The fact that we are using an advanced audio API also enables us to add various other effects to other pieces of audio. However we soon found that we needed to be sensible with our audio design, since convolutions with the Web Audio API does take a up a fair amount of CPU. During a development error, a unique convolution was used for each sound, this was found to start failing at around the 14th.
We also made use of audio filters, for example the radio podcast uses a high-pass filter applied to it which makes it sound ‘tinny’, another example is when Harriet opens the her apartment door at the start we apply both filters and faders. The Web Audio API uses a node based approach which means that you can feed the results of one effect into the next so we can apply filters, faders and convolutions to any audio source. To achieve all of this we made heavy use of Web Audio API’s AudioParam which allows nearly any attribute to be changed using handy linear transform effects – we used this to fade in and out, or cross-fade between filtered and unfiltered outputs.
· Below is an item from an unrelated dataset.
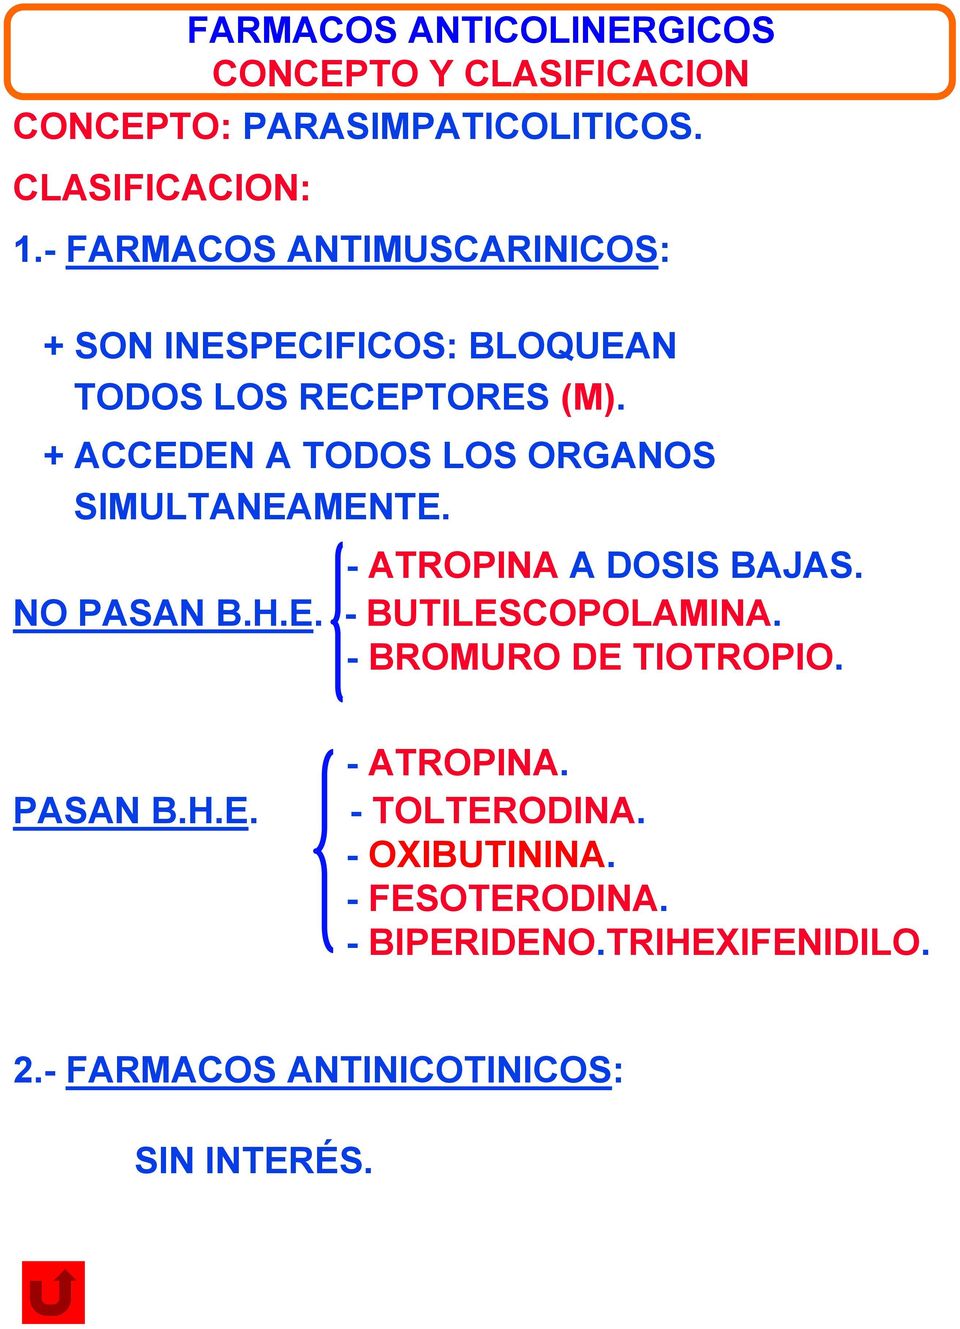 medicamentos colinergicos y anticolinergicos pdf

So the Web Audio API version applies filters, faders and convolutions to the audio whereas the standard HTML5 audio versions do not. That’s not to say that given enough time we couldn’t have achieved the same effect using the Audio Data API included in Firefox. But since the new audio standard is slated to be largely based on the Web Audio API it was decided for the purposes of this demo to concentrate our energy in this area.
Once we’d got the core of the functionality working, we set to work on creating a control panel to allow us to tweak every single one of the volumes, filters, faders and convolutions.
We wanted to be able to demonstrate to editors of audio how we could tweak pace, reverb and sound-effects in real-time and although requiring a complete code re-factor we hope that the fact that the whole thing is pretty-much customisable makes this a powerful demo and will be useful to others as well as ourselves who are dabbling in this area.
So this is a good time to mention that all the source-code is open source and that you can grab it from the following GitHub location https://github.com/happyworm/PerceptiveMedia.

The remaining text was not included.